By RHEA-FRANCES TETLEY
Staff Writer
State Senator Rosilicie Ochoa Bogh’s recent town hall Zoom meeting with Department of Insurance representatives Julia Juarez and Joel Lawcher, Rex Frazier from the Personal Insurance Federation of California and Philip Irwin, who has three decades of work with insurance and the FAIR Plan, was both encouraging and disappointing.
The insurance commissioner’s office promises big changes are coming, but not until the middle of next year; rates will be much higher when those changes finally are written.
It was admitted in the meeting that California is facing an insurance crisis. There are more wildfires, it faces devasting earthquakes and has serious car accidents that result in lawsuits. The insurance companies are not writing policies to cover all these potential disasters for all homeowners that want policies at this time, forcing many to get their coverage through the California FAIR Plan.
The FAIR plan is designed as a method for those unable to get insurance to buy a policy, but it was designed for a small percentage of any area, not the vast number of policies concentrated in one area, such as the mountains are currently experiencing.
There were 154,000 properties under the FAIR Plan in 2019 in California and now 408,000 to 450,000 are being insured under this “insurance of last resort.” It is not state-funded and not taxpayer-funded and is not for profit. It is is funded by the insurance companies but, with such a large number being insured, if it faces a large loss impact, it may be unable to pay all the claims.
It was said that 100 percent of the policies written by the FAIR Plan are policies that the for-profit insurance companies would not write, so the FAIR Plan must write all of those policies that are requested.
Currently, the FAIR Plan department is understaffed, and delays are now occurring, resulting in those policies taking a while to write, which is causing frustration with the customers. Insurance brokers are not agents of the FAIR Plan. The FAIR Plan is not comprehensive insurance; it covers only limited, defined losses, mostly from fire and smoke, leaving most who suffer other losses underinsured.
In January, the insurance companies will be forced to show their data for rate increases and where in the state they intend to write policies and their supporting bond rates. However, changes that consumers will see in rates and new policies are not expected to actually arrive until the middle of next year. This will leave many who are currently facing uninsurability in the insurance gap of coverage, which mortgage companies do not accept.

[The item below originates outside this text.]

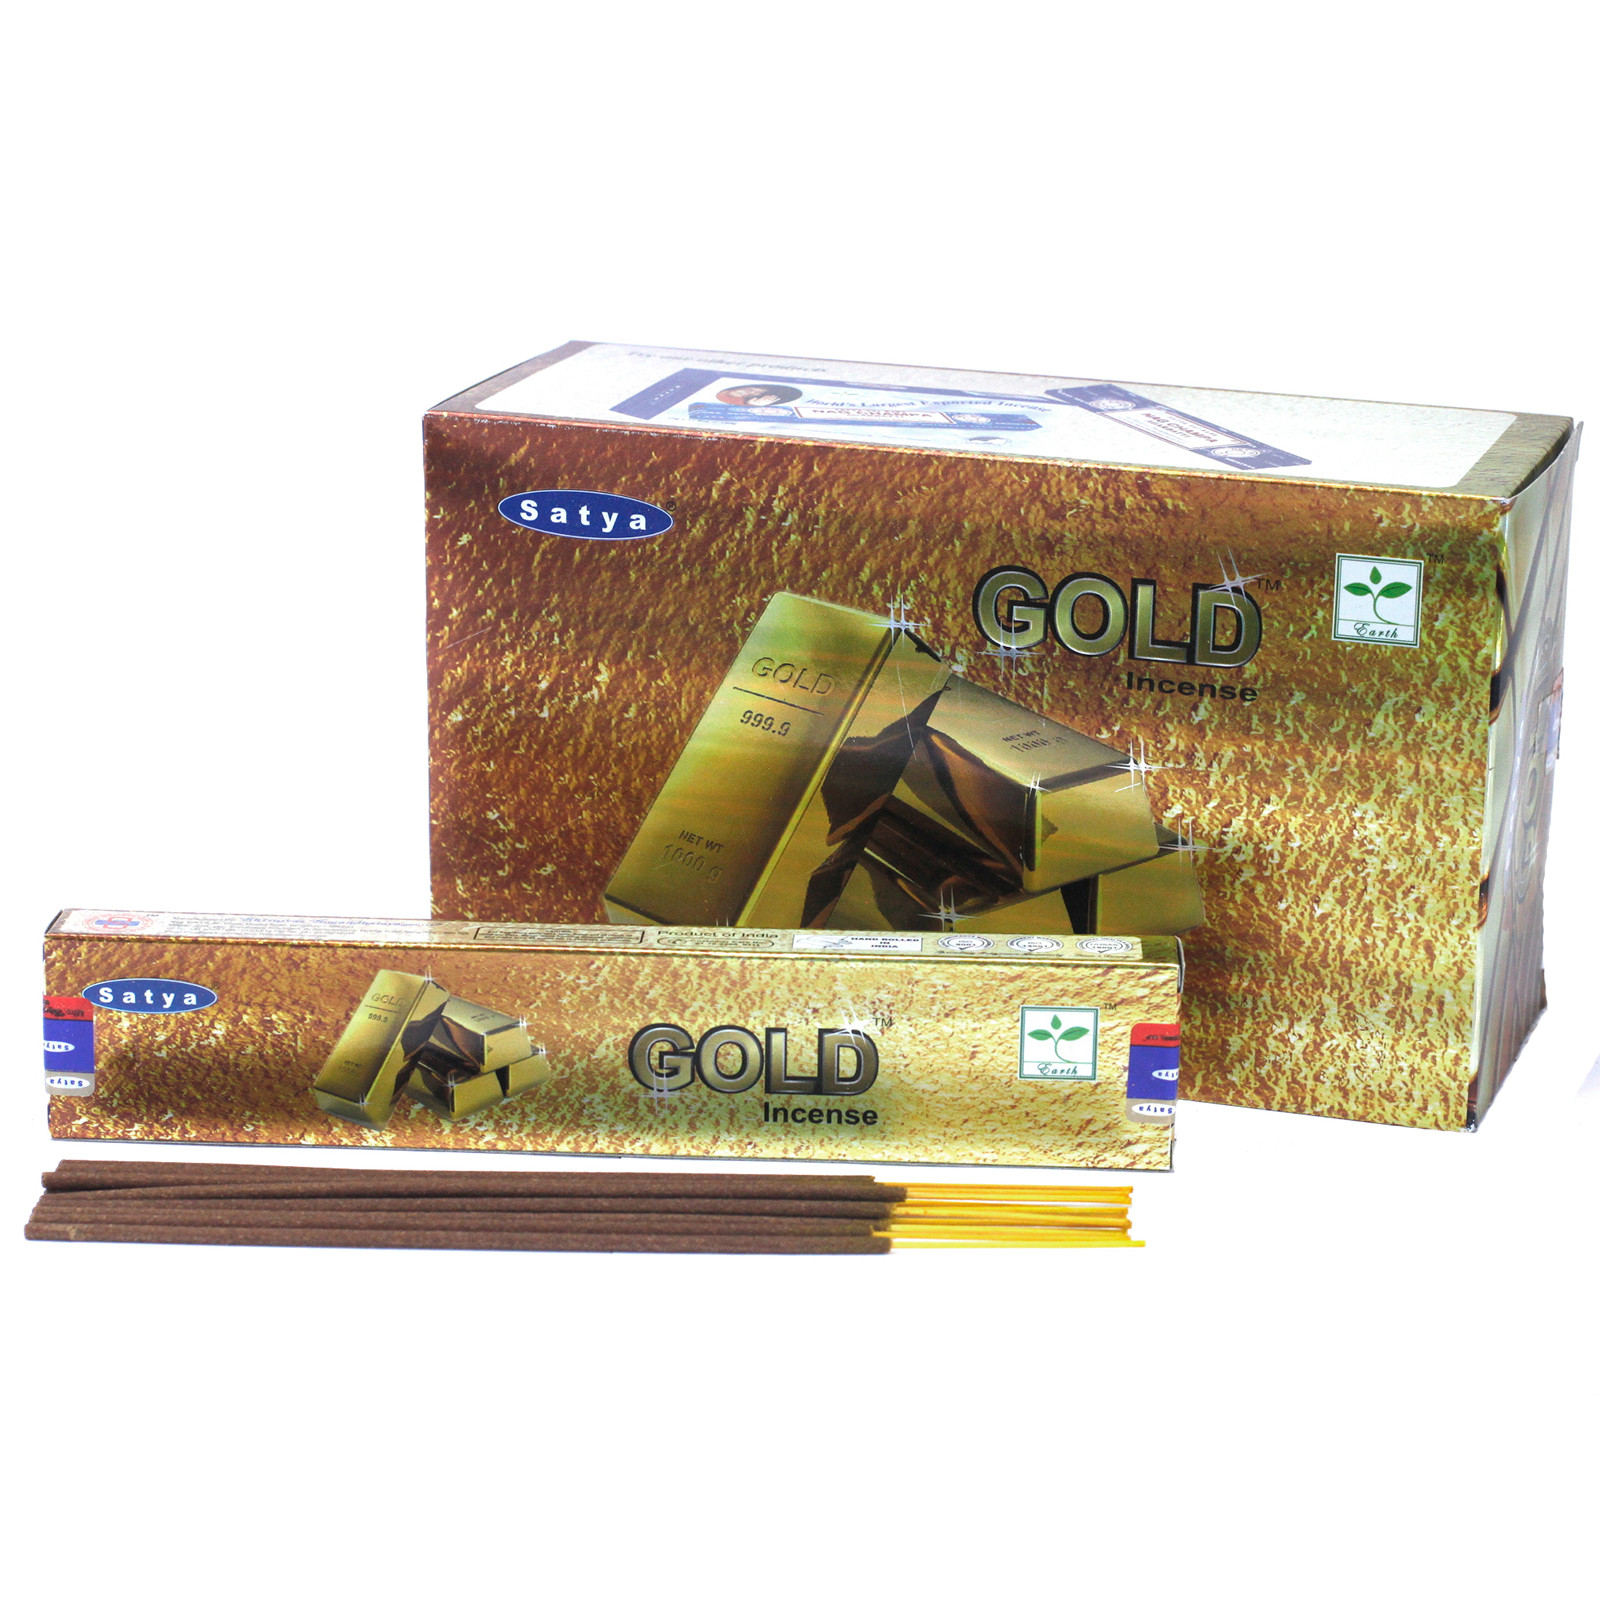 3 x 15g Packs Satya Incense Sticks - Gold

In the past, insurance companies have based rates on historical figures of where fires have previously occurred and then they did their rates by ZIP Codes, not individual property situations. The insurance companies have asked for approval of rate increases in the range of 35 to 68 percent of current rates. But, beginning next year, people and communities that are being proactive and making serious decisions to make homes firesafe, will be facing new rates that need to be based both on those historical figures and also on the individual actions taken by homeowners to make their homes firesafe and communities making themselves Fire Wise. Already, 10 percent of communities in the state have been identified as Fire Wise and over 5 percent of homeowners have hardened their homes, but these actions have not previously been reflected in rate reductions or coverage.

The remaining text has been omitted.